Output the listing verbatim, leaving out every picture.
───── PROVIDED DATA
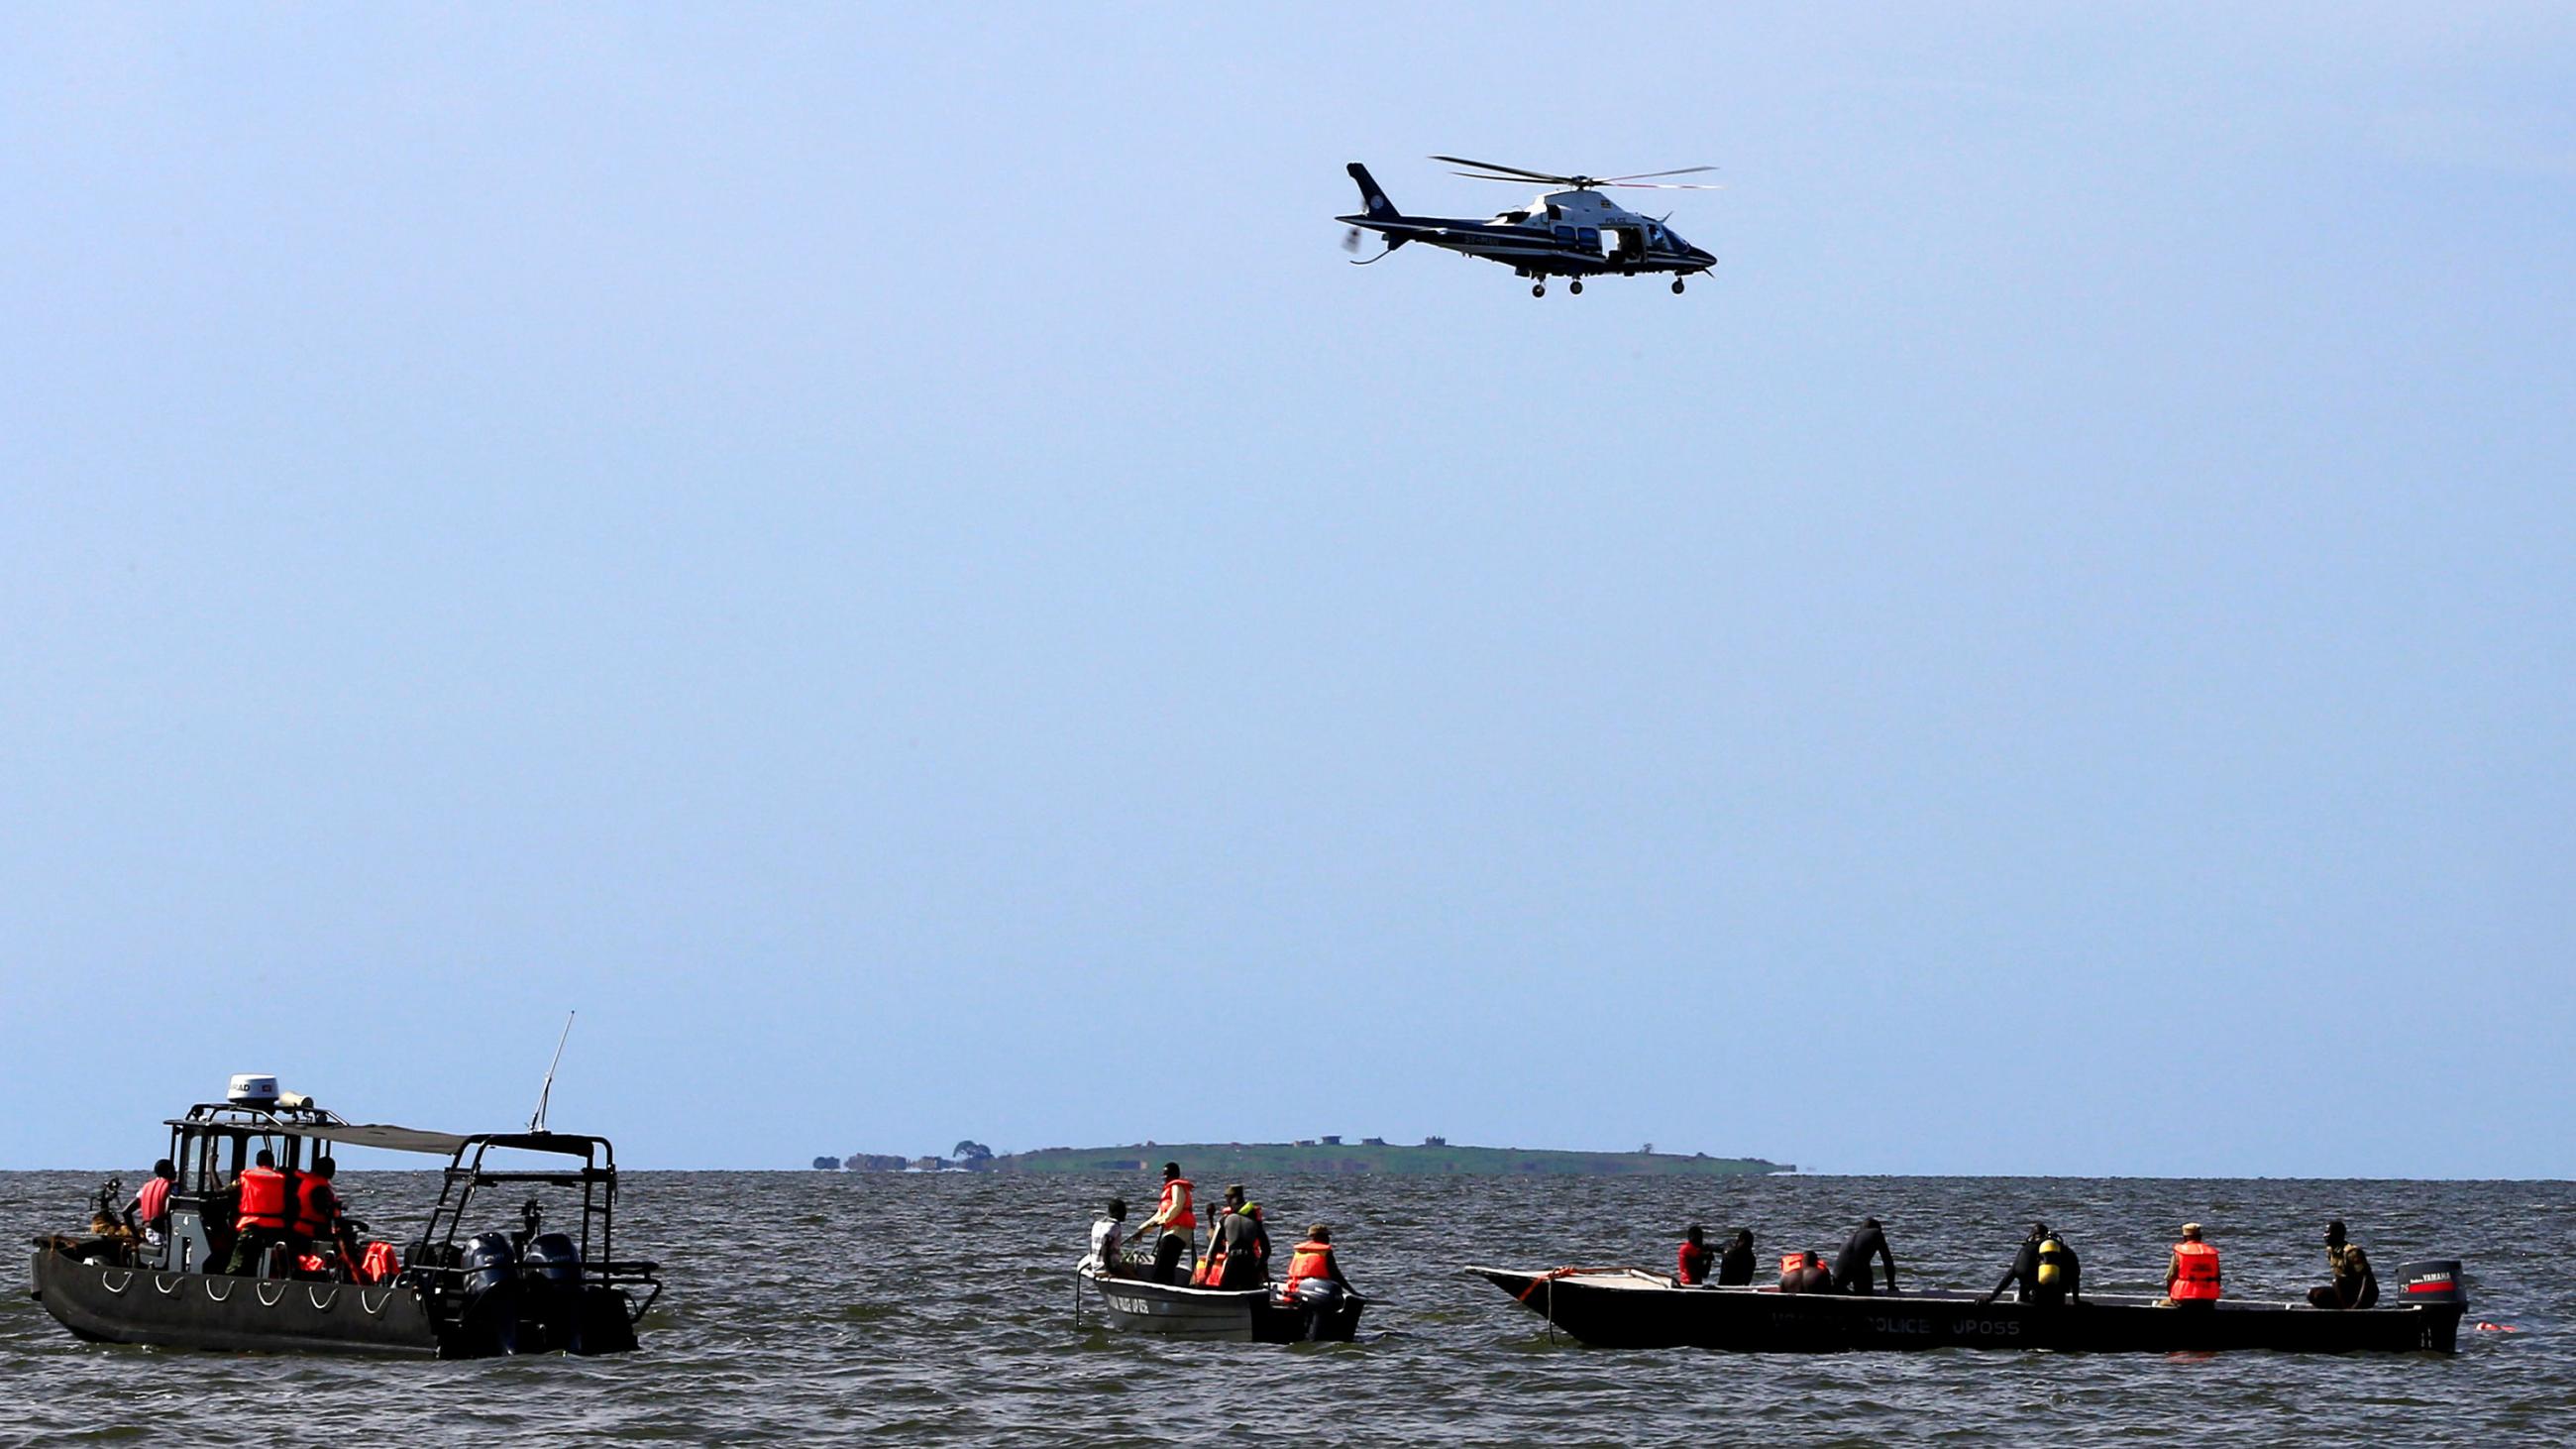 Rescue and recovery missions search for the bodies of dead passengers after a cruise boat capsized in Lake Victoria off Mukono district, Uganda November 25, 2018. Picture shows three motor boats in the water with people standing on their decks. One has a diver partially submerged hanging on to the side. A helicopter flies overhead. 
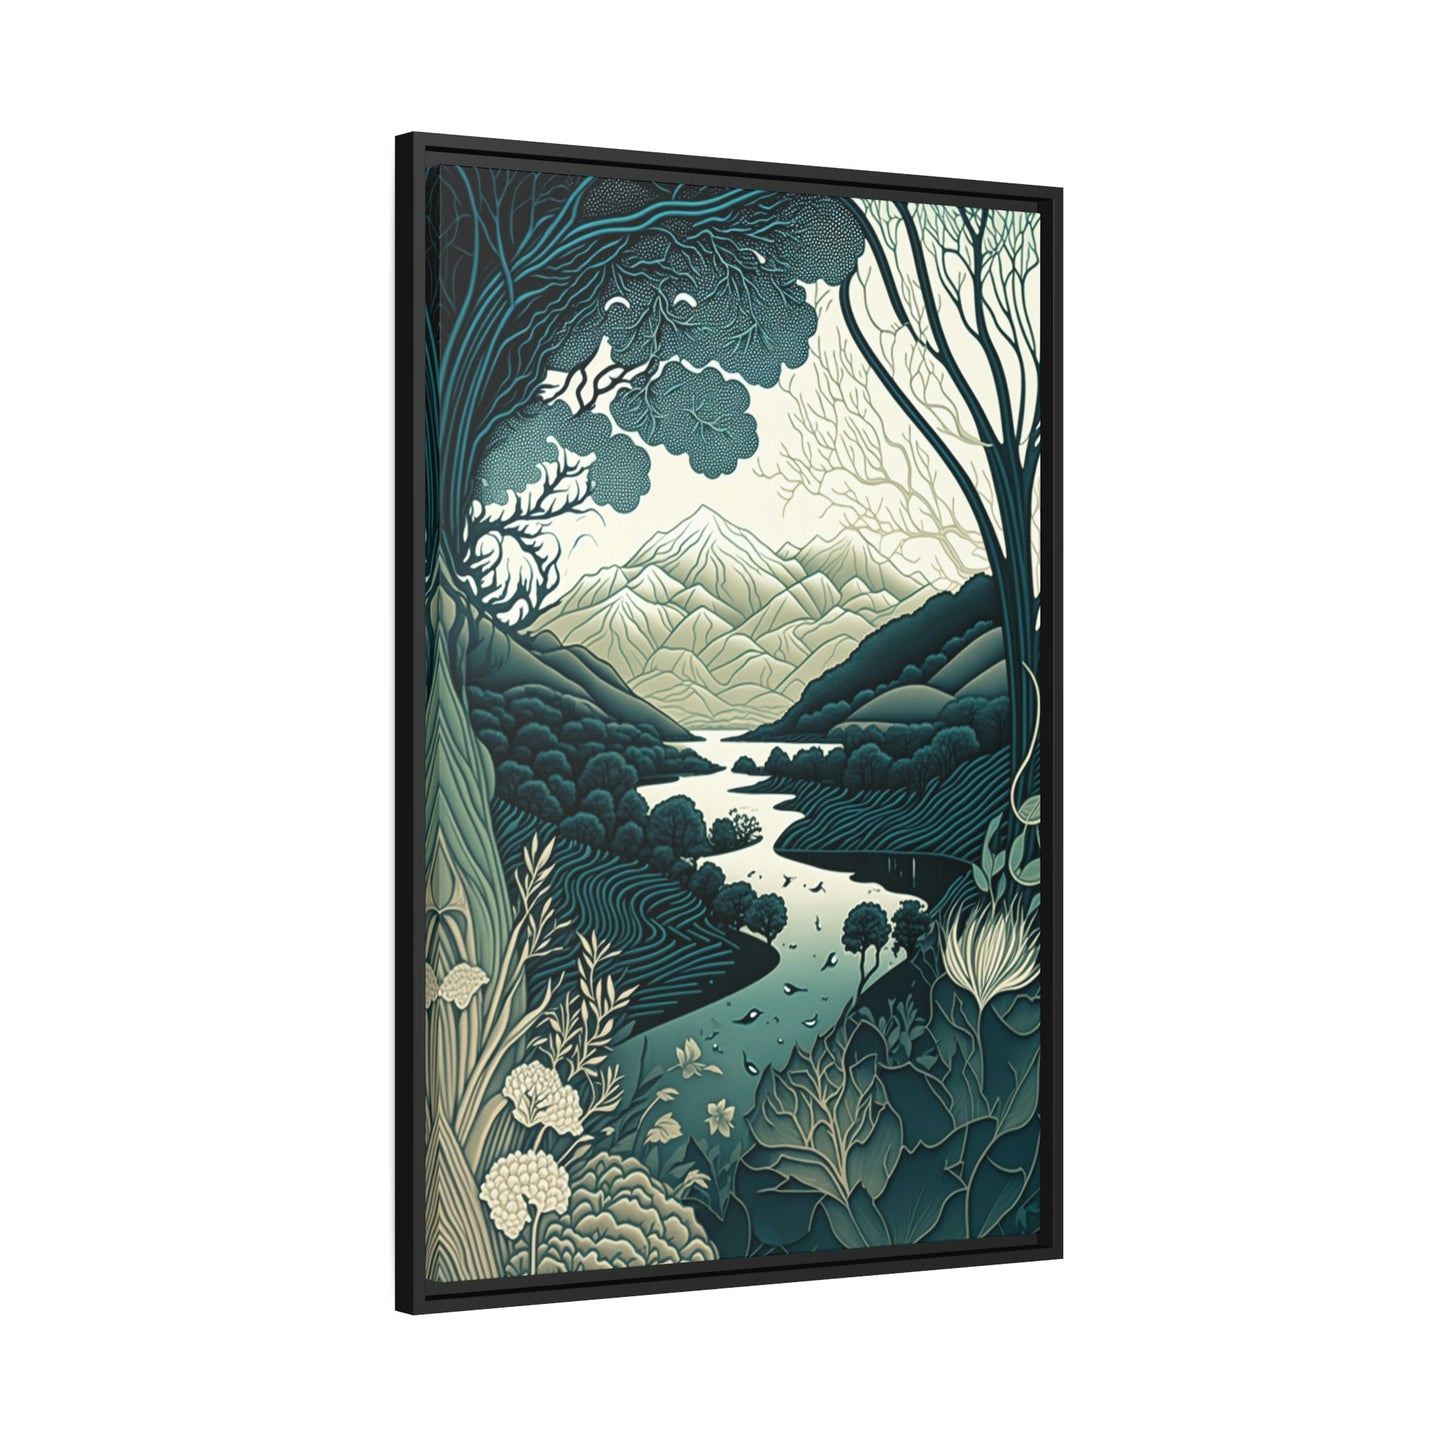 Fluid Lines: A Framed Canvas & Poster Artwork of an Abstract Flowing Design
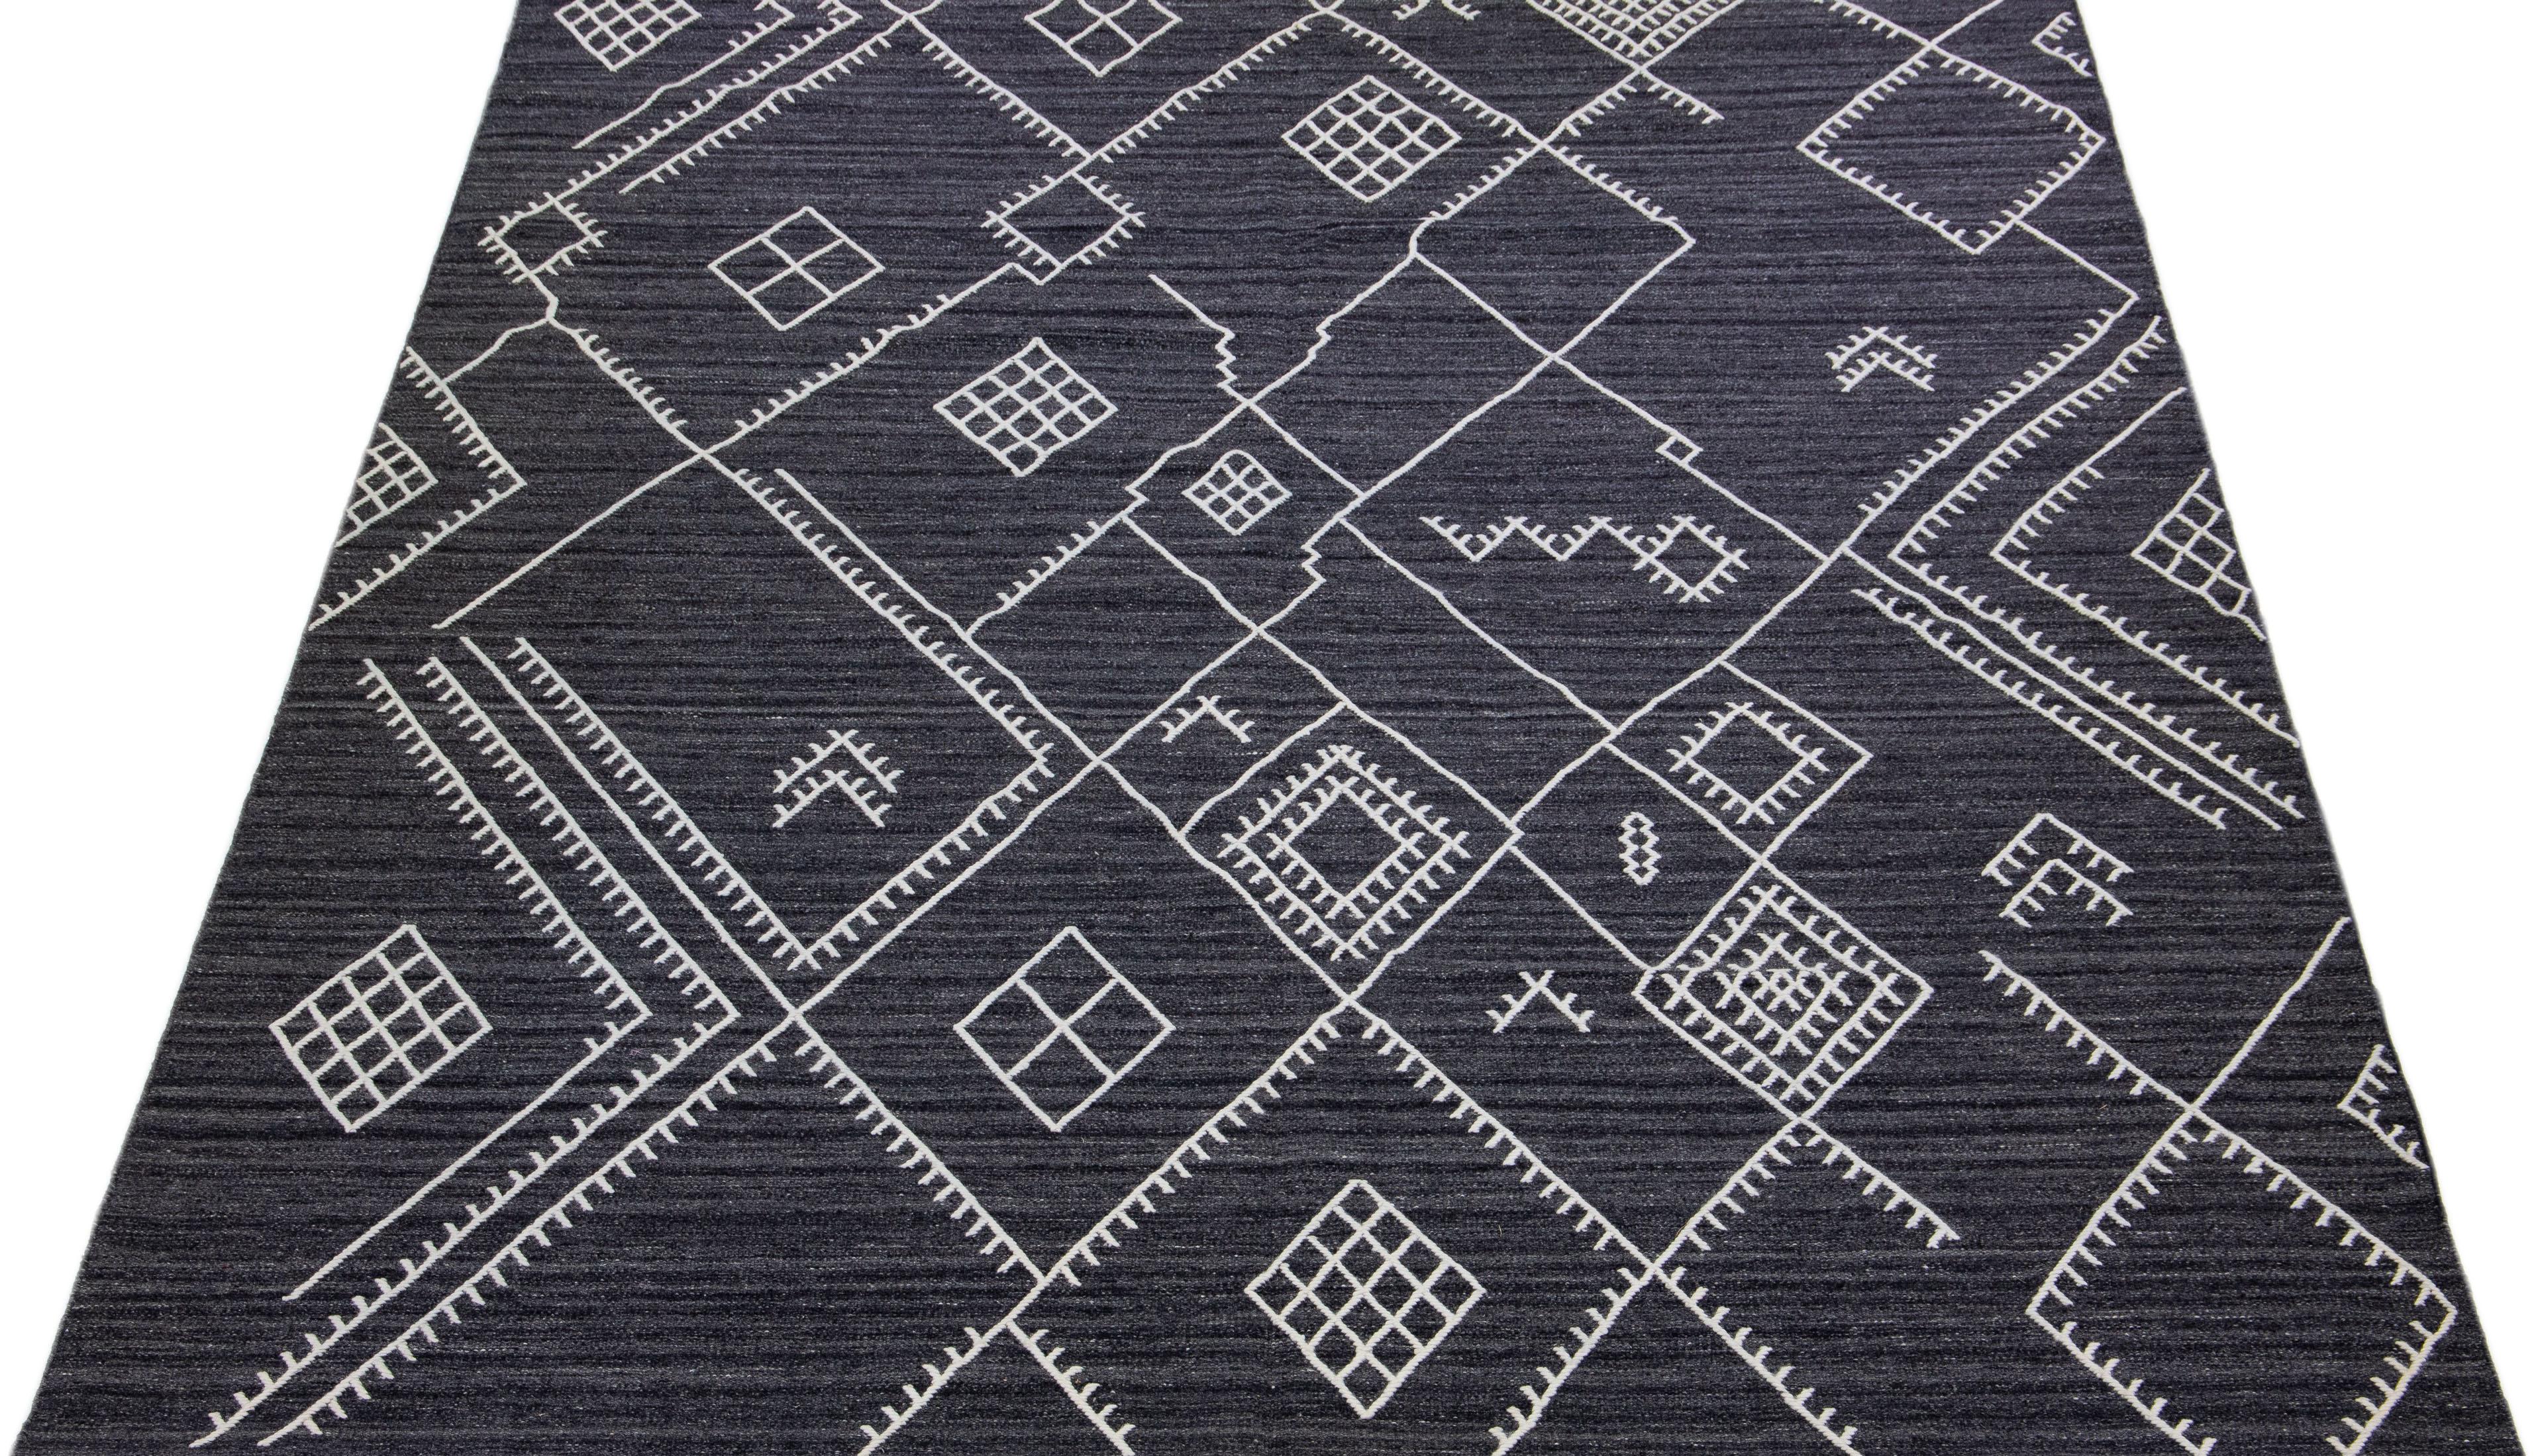 Beautiful kilim handmade wool rug with a gray-charcoal field. This custom modern flatweave rug of our Nantucket collection has white accents and a gorgeous, all-over geometric coastal design.

This rug measures: 10'2
──────────
• SOLUTION FOR THIS PROBLEM:
 Rescue and recovery missions search for the bodies of dead passengers after a cruise boat capsized in Lake Victoria off Mukono district, Uganda November 25, 2018. Picture shows three motor boats in the water with people standing on their decks. One has a diver partially submerged hanging on to the side. A helicopter flies overhead. 
 Fluid Lines: A Framed Canvas & Poster Artwork of an Abstract Flowing Design
 Beautiful kilim handmade wool rug with a gray-charcoal field. This custom modern flatweave rug of our Nantucket collection has white accents and a gorgeous, all-over geometric coastal design.

This rug measures: 10'2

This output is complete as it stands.